Besides, substantive rights like the award of backwages resulting
from illegal dismissal must not be prejudiced by a rigid and technical
application of the rules. The computation of the award for backwages
from the time compensation was withheld up to the time of actual
reinstatement is a mere legal consequence of the finding that respondents
[petitioners] were illegally dismissed by petitioners [respondents]. [52]
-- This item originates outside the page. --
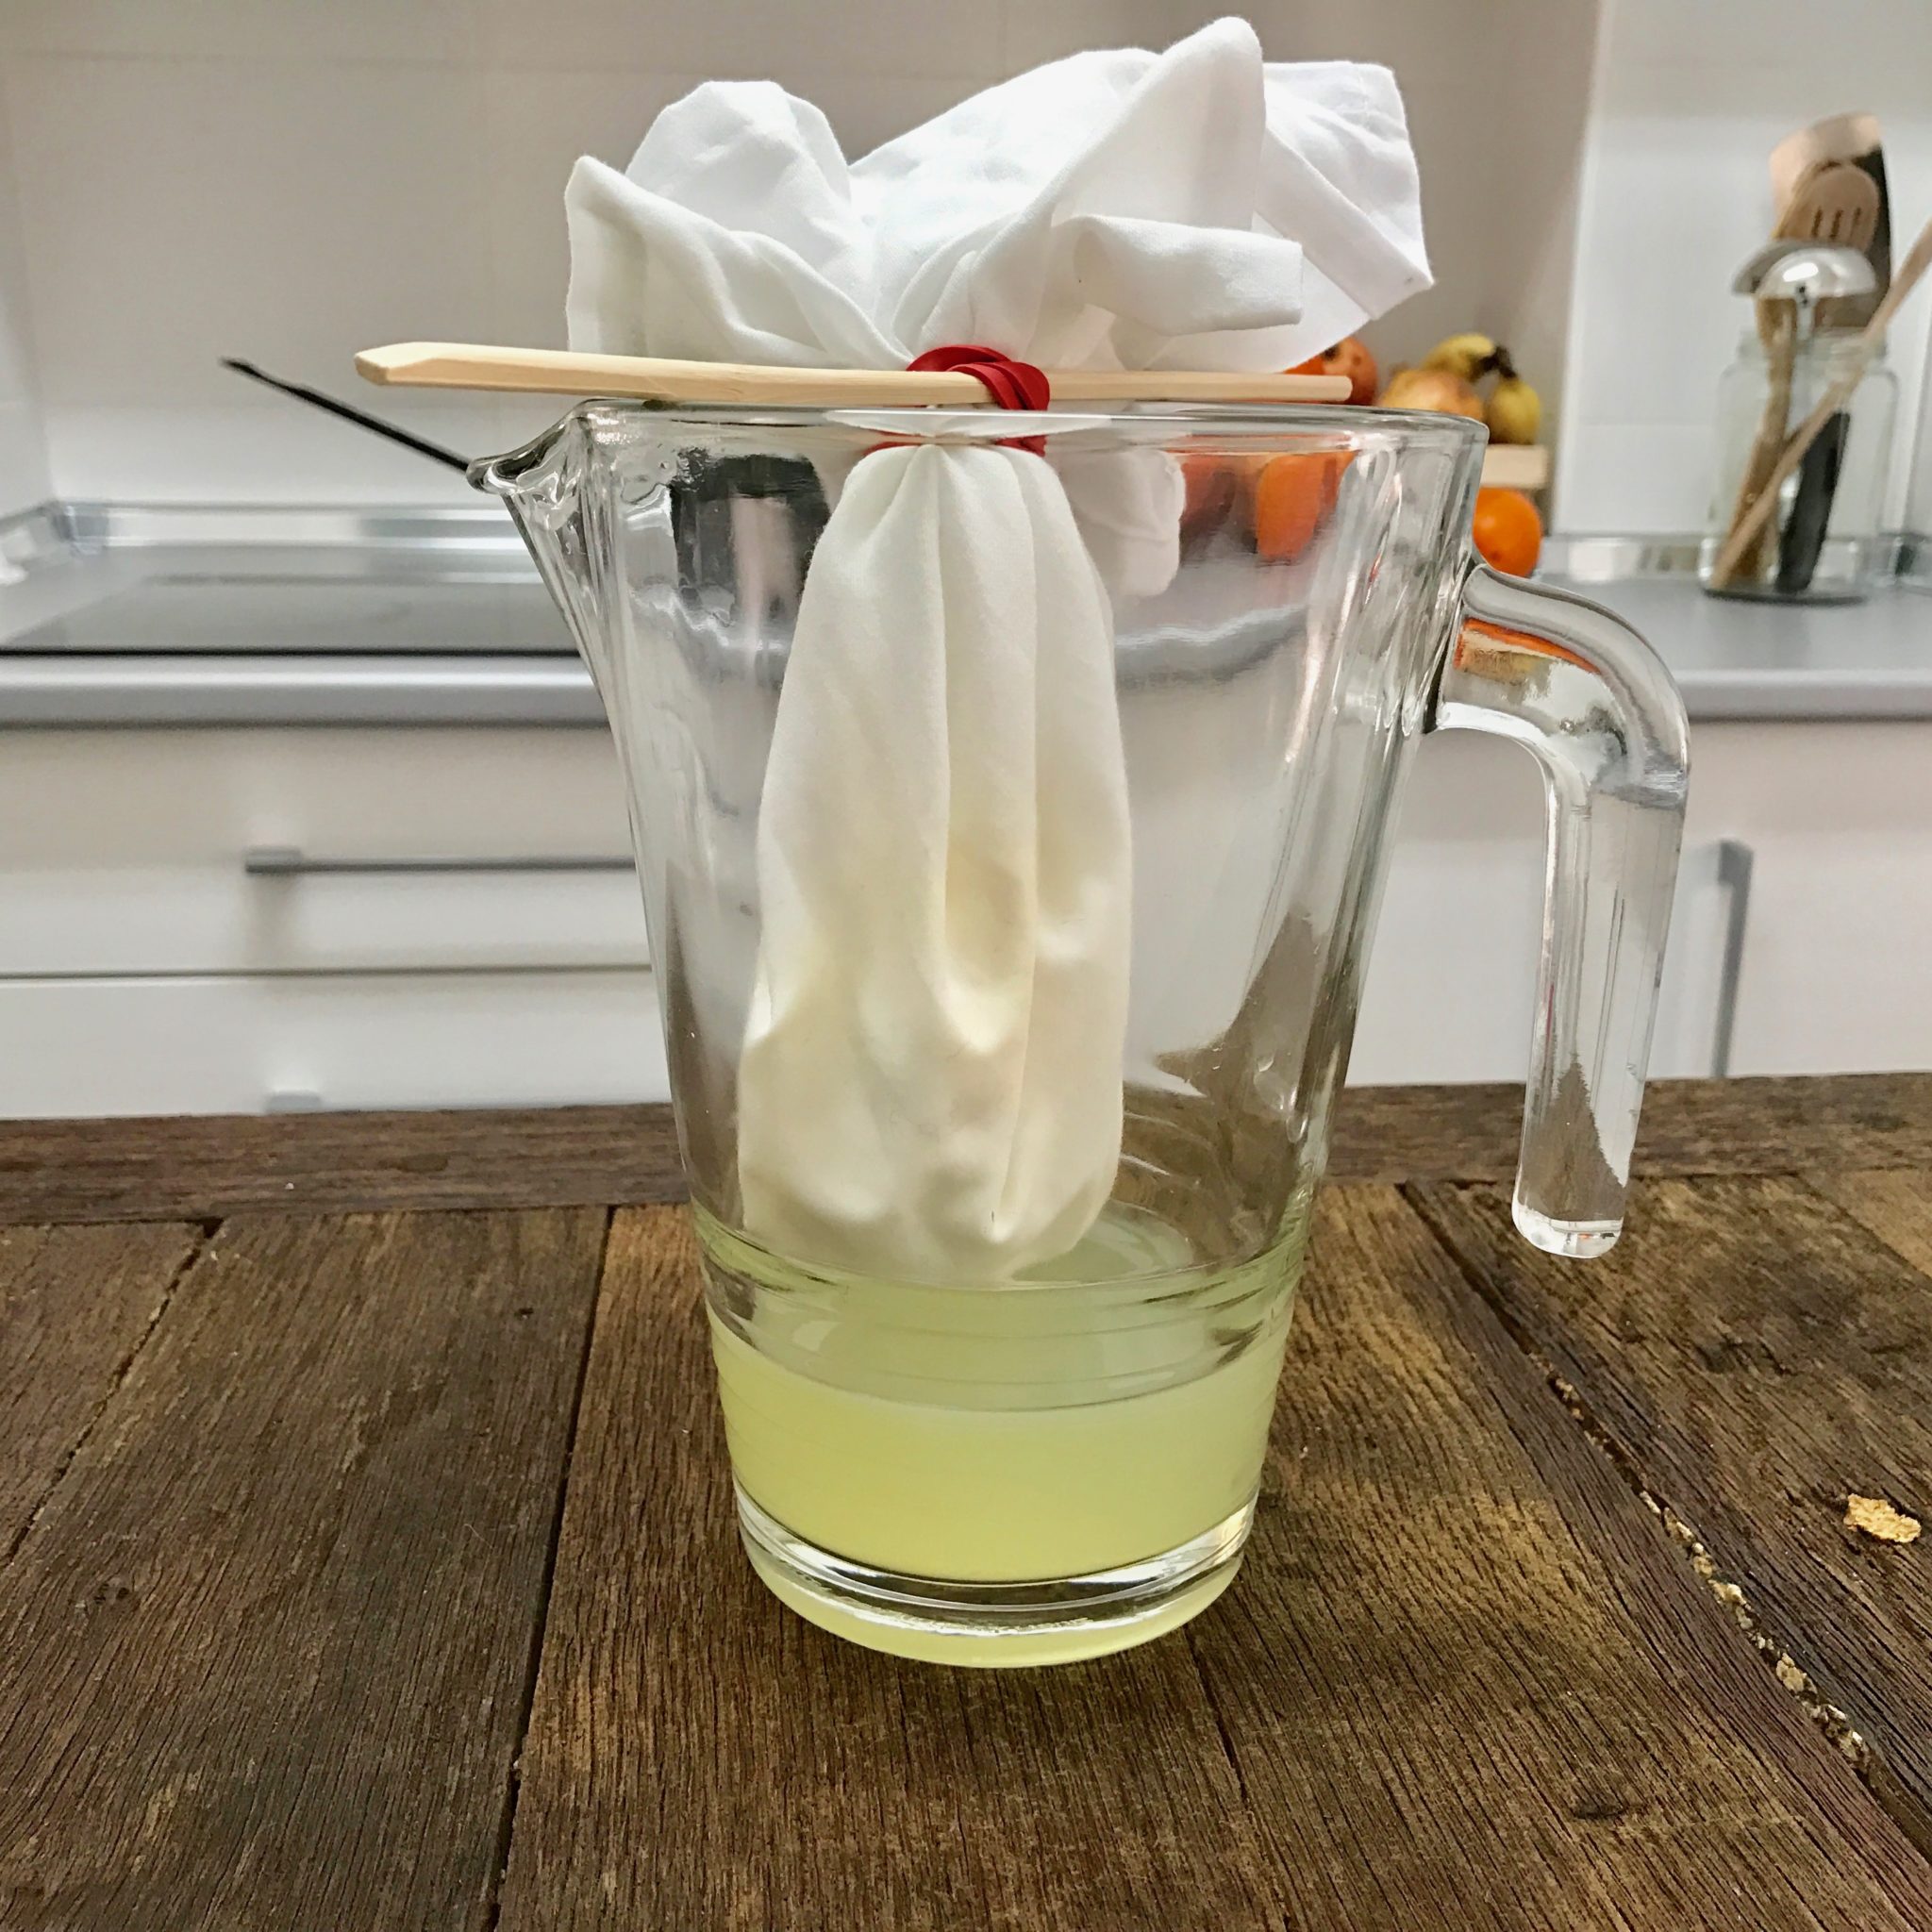 tie the napkin and hang it on the pitcher 'til stops dripping

As to respondent Camus’ liability as LMCEC president, it is settled that in
the absence of malice, bad faith, or specific provision of law, a director or officer
of a corporation cannot be made personally liable for corporate liabilities.[53]
As held in Lowe, Inc. v. Court of Appeals,[54] citing McLeod v. NLRC:[55]
liability of
officers attaches only when (1) they assent to a patently unlawful act of
the corporation, or when they are guilty of bad faith or gross negligence
in directing its affairs, or when there is a conflict of interest resulting in
damages to the corporation, its stockholders or other persons; (2) they
consent to the issuance of watered down stocks or when, having
knowledge of such issuance, do not forthwith file with the corporate
secretary their written objection; (3) they agree to hold themselves
personally and solidarily liable with the corporation; or (4) they are
made by specific provision of law personally answerable for their
corporate action.[56]

To be sure, Camus has a personality which is distinct and separate from that
of LMCEC. There was no proof that Camus acted in bad faith in dismissing
petitioners from employment. The mere fact that he is the president of the company
does not make him personally liable for the payment of backwages.
Finally, the Court notes that although Tapanan was named as petitioner, he
was never included as a complainant before the NLRC. As such, he is not a party
to this case. Moreover, as clearly stated in the LA decision, Reyes has voluntarily
withdrawn his case against respondents. Thus, although he is one of the petitioners
here, he is not covered by this Decision. Lastly, some of the petitioners had already
been actually reinstated by LMCEC. We emphasize that the computation of their
backwages should be up to the date of actual reinstatement.
WHEREFORE, premises considered, the petition is GRANTED.
The Court of Appeals Decision dated September 25, 2006 and Resolution dated
February 14, 2007 in CA-G.R. SP No. 90377 are REVERSED and SET
ASIDE. Petitioners’ dismissal from employment is declared illegal and, except

Helyto N. Reyes and Restituto Tapanan, they are entitled to full backwages from
the time of illegal dismissal until actual reinstatement.